Unsigned integers are always non-negative, that is greater than or equal to 0. When you subtract 1 from 0 in an unsigned integer type you end up with MAX_INT.

无符号整数总是非负的，即大于或等于 0。当你在无符号整数类型中从 0 中减去 1 时，你最终会得到 MAX_INT。

Therefore, your for loop will never terminate.

因此，您的 for 循环永远不会终止。

However, you need to use "%u" not "%d" in your printf if you want it to print the unsigned value rather than the signed value.

但是，如果您希望它打印无符号值而不是有符号值，则需要在 printf 中使用“%u”而不是“%d”。

Why so?

为什么这样？

Because your program has an undefined behavior (using %dwhich is for intto print an unsigned) - so you can expect anything to happen.

因为您的程序具有未定义的行为（使用%dwhich 用于int打印unsigned） - 所以您可以期待任何事情发生。

Why the infinite loop? Because an unsigned intis always >= 0.

为什么是无限循环？因为 anunsigned int总是>= 0。

What is the concept of unsigned integer?

无符号整数的概念是什么？

It's an... unsignedinteger. A whole number which is non-negative.

这是一个……无符号整数。一个非负的整数。

The %dformat string treats the substituted value as int, which is signed.

该%d格式串对待取代的值作为int，其被签署。

You use %d, so printf interprets the value as signed. Comparison to zero (>=0) of unsigned is always true.

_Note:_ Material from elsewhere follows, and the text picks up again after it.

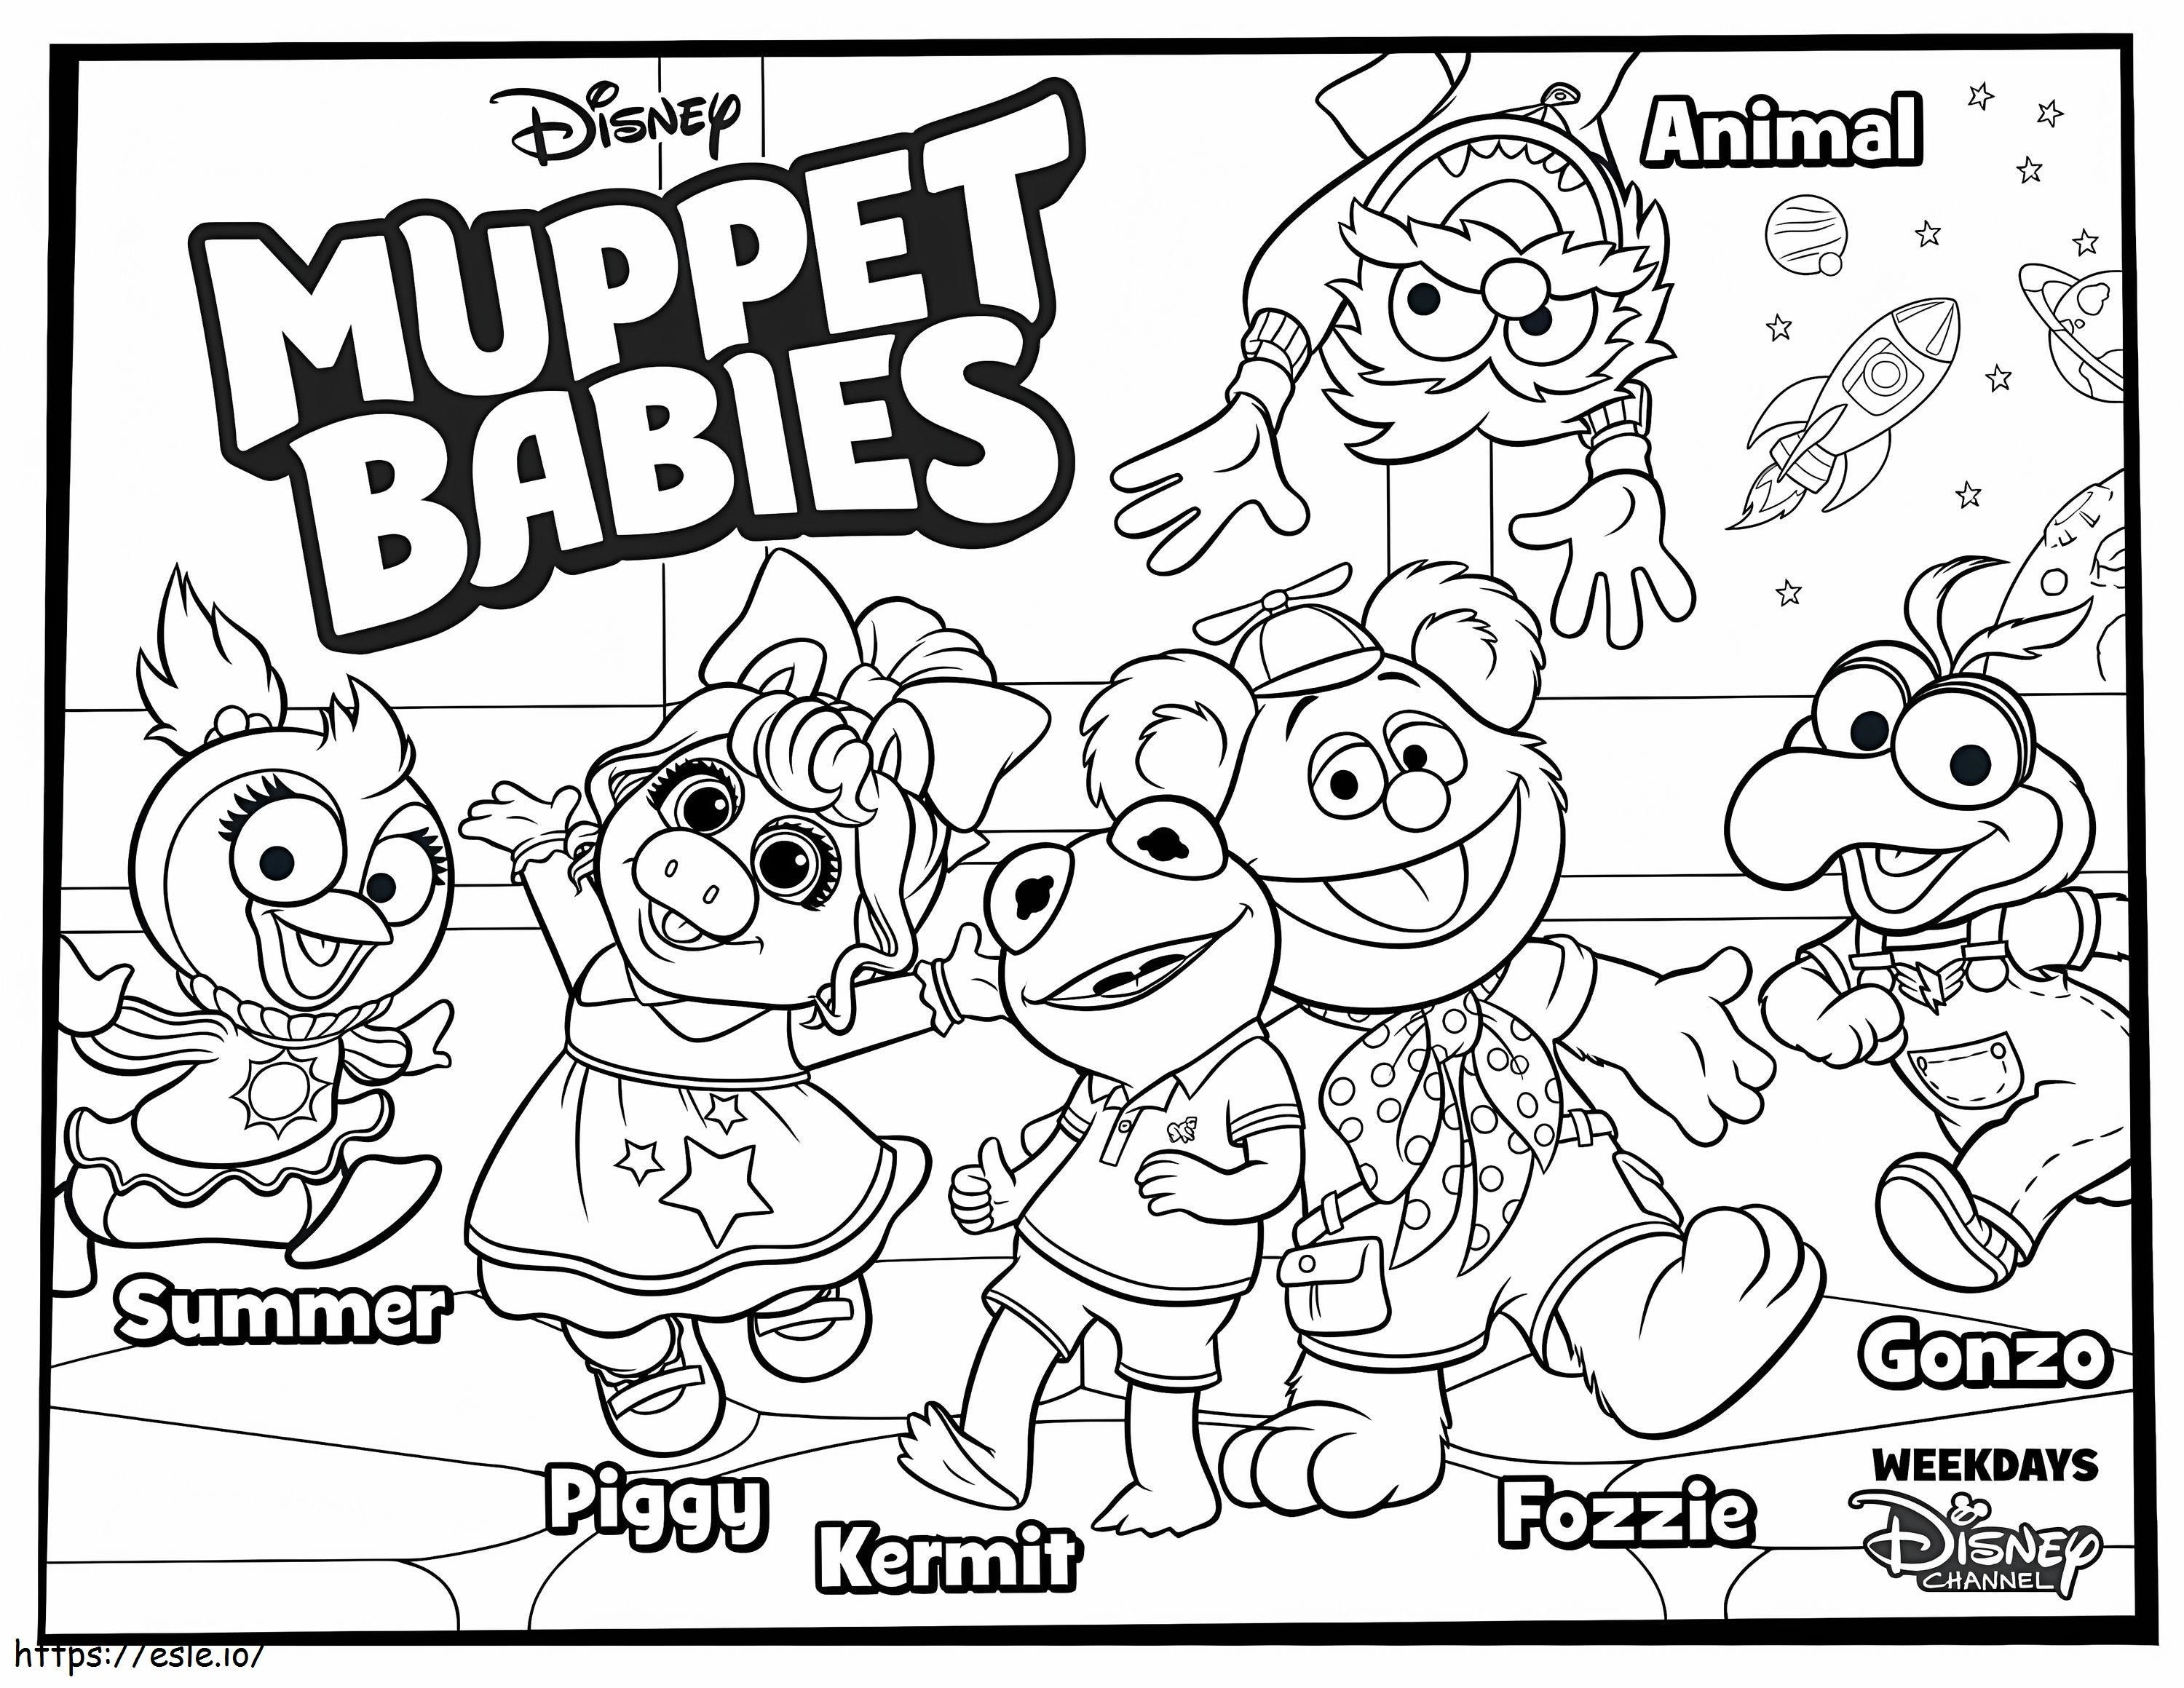 Muppet Babies ausmalbilder

您使用%d，因此 printf 将值解释为有符号。与 unsigned 的零 (>=0) 的比较始终为真。

So, while values are from 10 to 0, the output is ok (109876543210). After that the value becomes huge positive (maximum value, for 32bit int it is 0xFFFFFFFF). Comparison to 0 is true, so the loop continues. But in printf0xFFFFFFFFproduces -1since %dis used. Then the loop continues to 0xFFFFFFFEwhich is -2but still >= 0as unsigned.

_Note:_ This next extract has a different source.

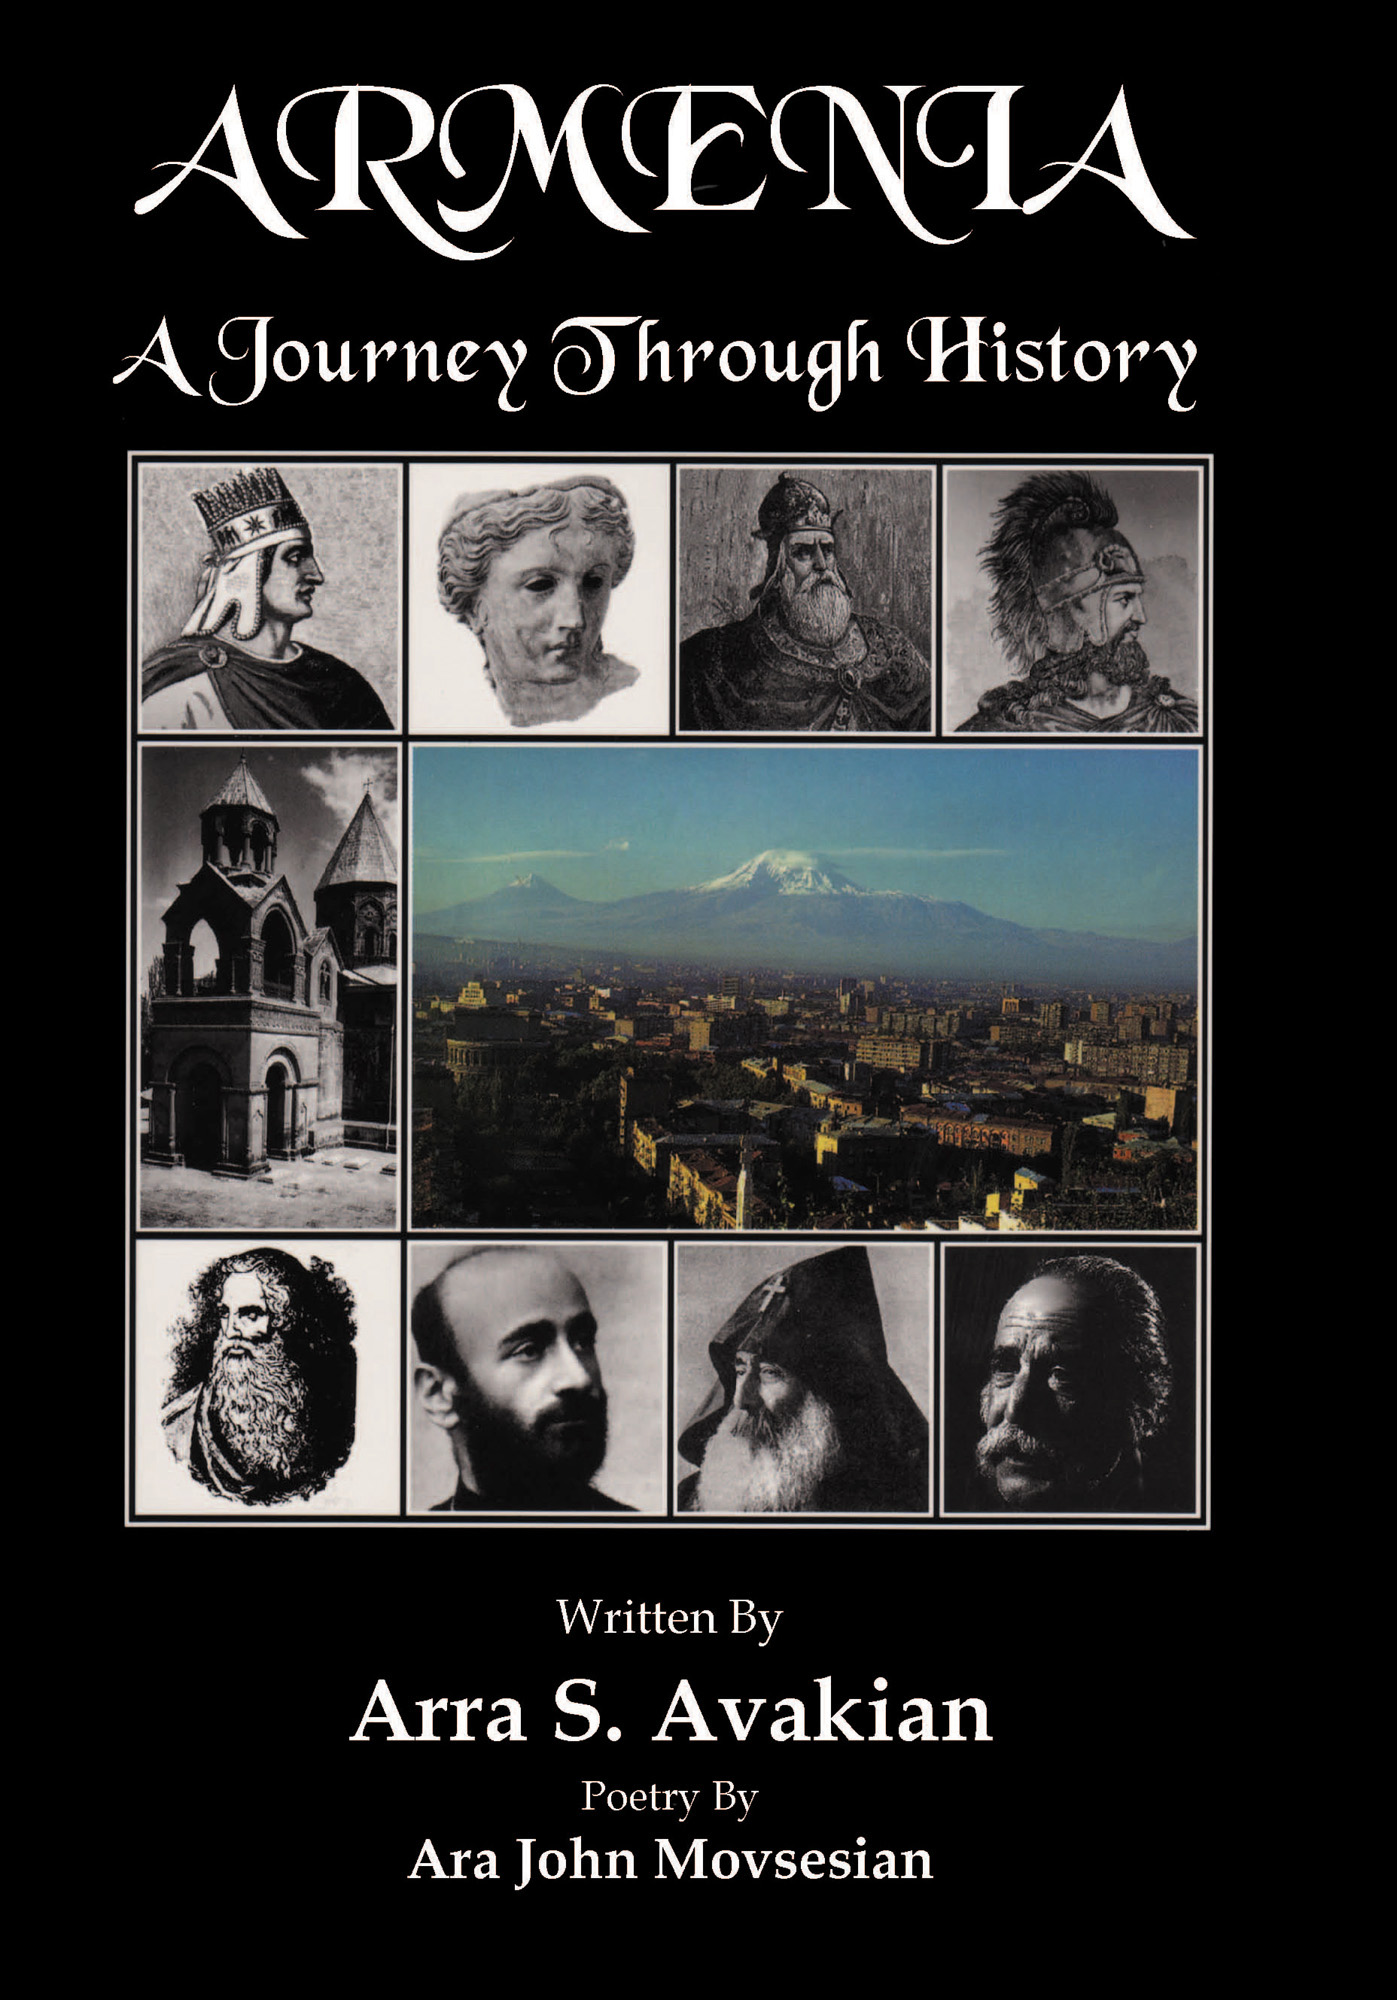 ARMENIA: A Journey Through History

因此，虽然值从 10 到 0，但输出没问题 (109876543210)。之后该值变为巨大的正数（最大值，对于 32 位 int 是0xFFFFFFFF）。与 0 的比较为真，因此循环继续。但在printf0xFFFFFFFF生产-1自%d使用。然后循环继续0xFFFFFFFE，-2但仍为>= 0无符号。

Use %u.

使用%u.

printfcan't know the type of the variable you give it, all it gets is the value (the bits themselves). You have to tell it how to interpret that value, and with %dyou tell it to interpret it as a signed integer.

printf无法知道你给它的变量的类型，它得到的只是值（位本身）。您必须告诉它如何解释该值，并%d告诉它将其解释为有符号整数。

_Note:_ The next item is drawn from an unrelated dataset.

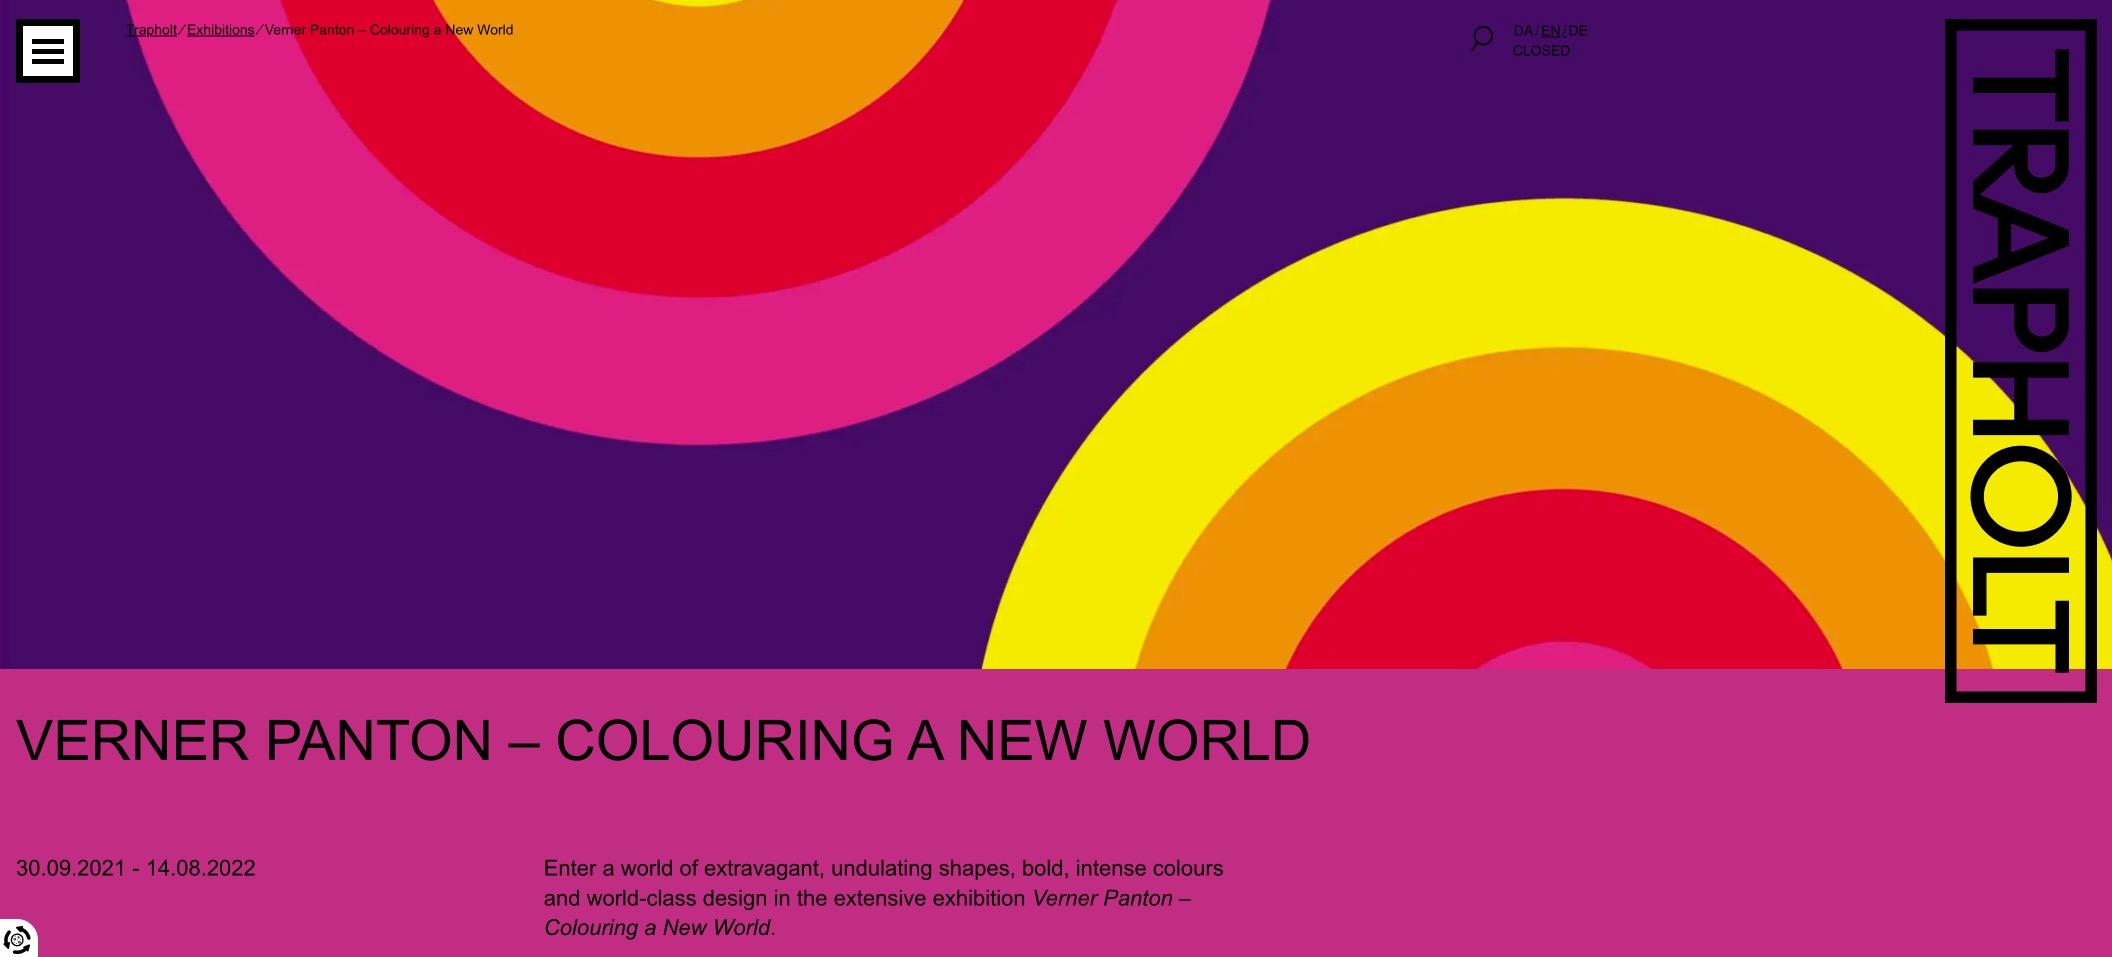 Trapholt - Verner Panton - Coloring a new world

You are using "%d" with printf() which is the format specifier for a signed integer.

您正在将 "%d" 与 printf() 一起使用，它是有符号整数的格式说明符。

Signed integers (we'll use 16 bit) range from -32768 to 32767 (0x8000 to 0x7FFF) while unsignedintegers range from 0 to 65535 (0x0000 to 0xFFFF). So unsigned integers cannot have negative values, which is why your loop never terminates. However, you have told the print program to format the output as ifit were signed(%d) so that you see the numbers formatted as negative values in your output. At some level, everything in a computer is just a string of bits that needs interpretation and your code example uses two different interpretations of the same bit patterns ... your unsigned int.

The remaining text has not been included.